Fig. 1: Classification of participants using episignatures.
figure 1

A The variants loci of participants in CREBBP or EP300 in this study. B The participants (RSTS1 and RSTS2) were classified by DNA methylation of each probe set for RSTS episignatures using hierarchical clustering (left) or multidimensional scaling (right). Control data were obtained from publicly available data. Cont_ob, obese or overweight children in GSE193730; Cont_20wks and Cont_Excs, 20 wks after usual lifestyle and exercise intervention of Cont_ob, respectively, from GSE193730; Cont_normal and Cont_obesity, normal control and simple obesity children, respectively, from GSE221864; Cont_DON_l and Cont_DON_h, low and high exposure deoxynivalenol group children, respectively, from GSE180534.

Table 1 Pathogenic variants in the patients.
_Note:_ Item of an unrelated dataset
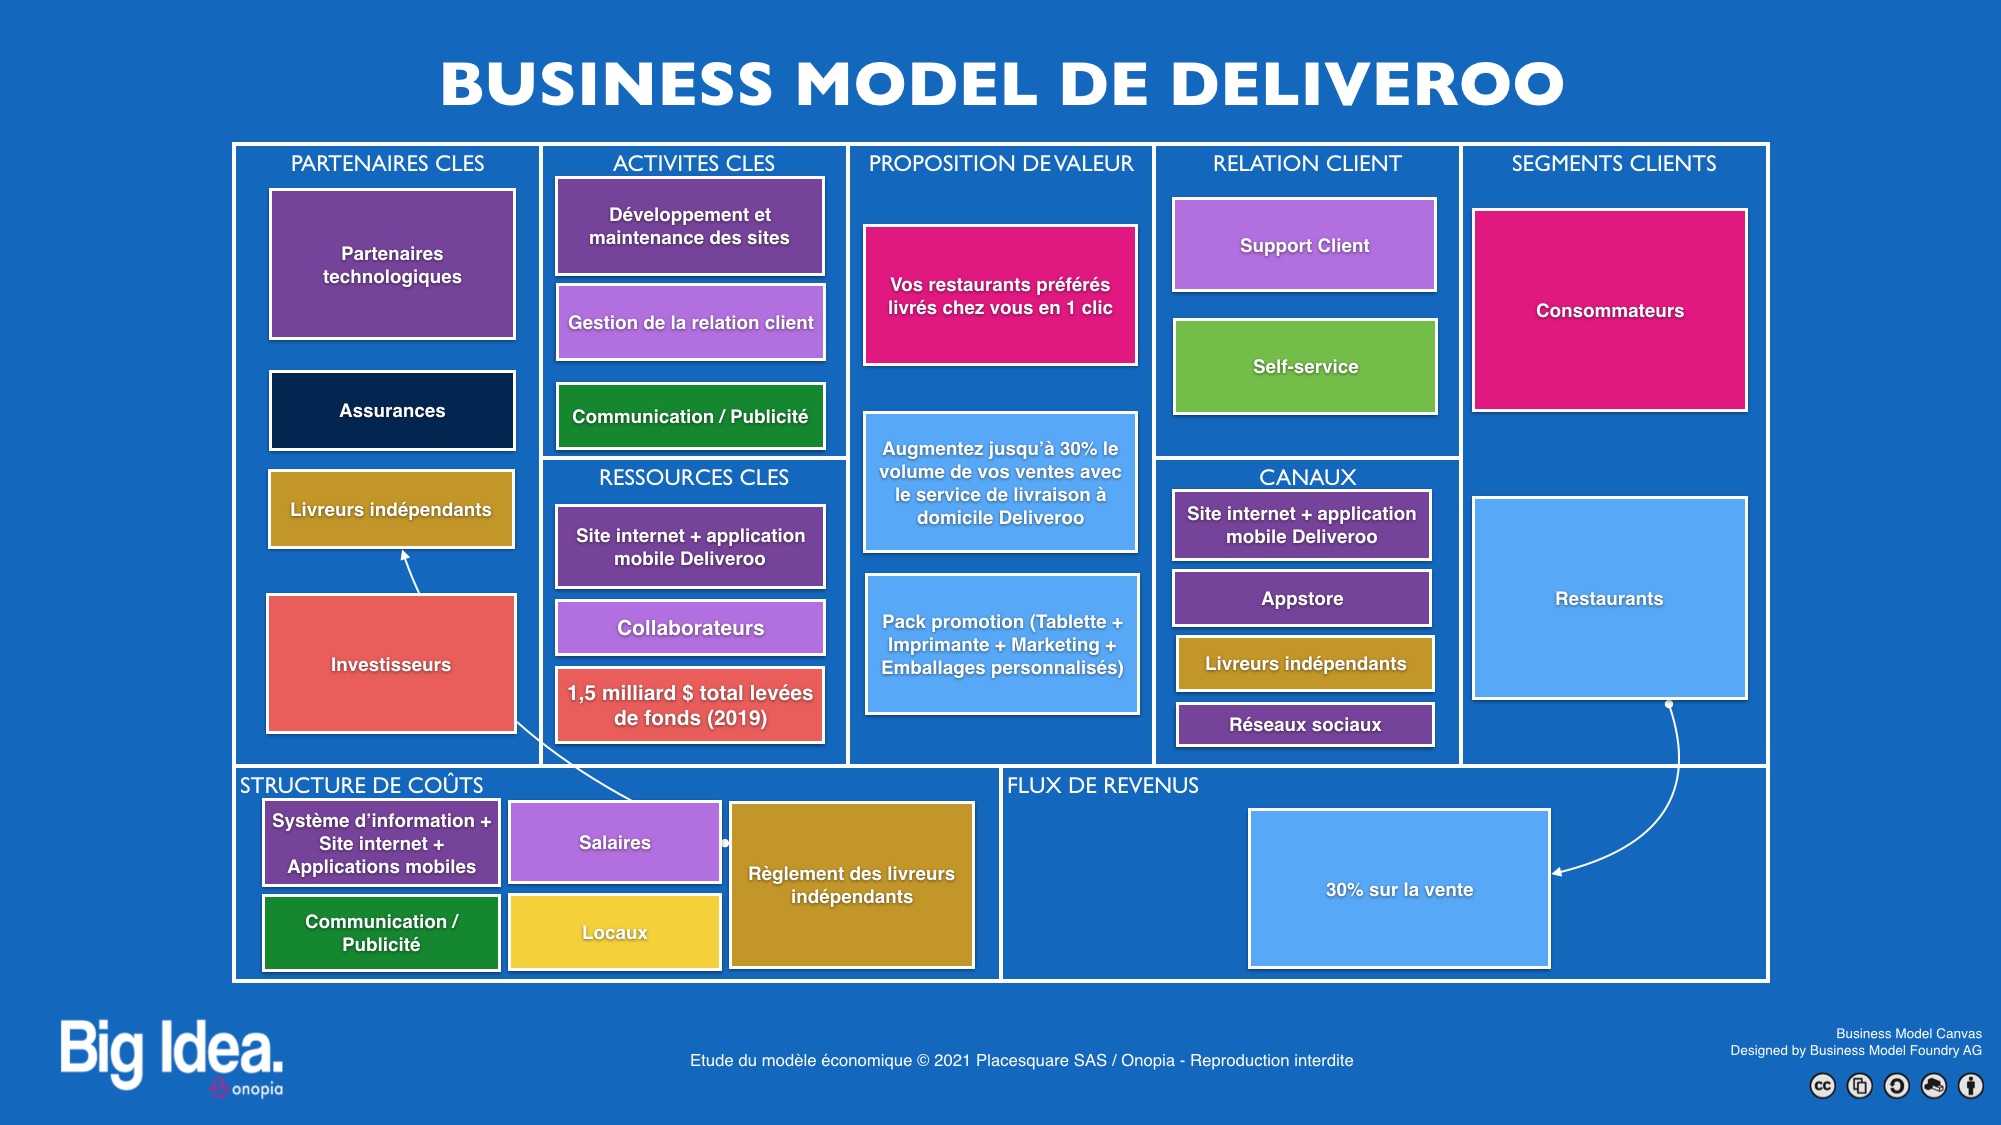 Big Idea Onopia - Business Model Canvas de Deliveroo

Among our samples, RSTS1_3 harbors an intron variant in CREBBP (NM_004380.3:c.1676+2T>G). The corresponding locus is a well-established conserved nucleotide in the splicing donor site that influences mRNA splicing. Although this variant has not been previously reported in ClinVar17, in silico predictions, dbscSNV and MaxEntScan, identify this variant as a pathogenic variant18,19. Having removed RSTS1_3, training was performed using datasets from the remaining seven RSTS1 patients, and we obtained a RSTS1 probability of 0.985 in RSTS1_3 by test (Fig. 2A). The variant in RSTS1_3 was also classified as ‘pathogenic’ based on episignature analysis. High probability scores (>0.9) were also confirmed in the other seven RSTS1 patients by performing leave-one-out cross-validation (Fig. 2B). Meanwhile, we obtained a RSTS1 probability of 0.542 in RSTS2_1, which is lower than the border when 0.75 is adopted8. These results again showed that the episignatures between CREBBP and EP300 pathogenic variants are indeed different. To examine whether the batch effects between the publicly available controls and our original data are involved in the results, we calculated the RSTS1 probability in a patient with Prader–Willi syndrome (PWS), which was assessed by the same batch as the nine RSTSs in this study, and previously reported 28 congenital disease cases8 (Fig. 2A). All disease cases showed RSTS1 probability scores of less than 0.3, which were much lower than the threshold of 0.75. The SVM model in this study worked accurately.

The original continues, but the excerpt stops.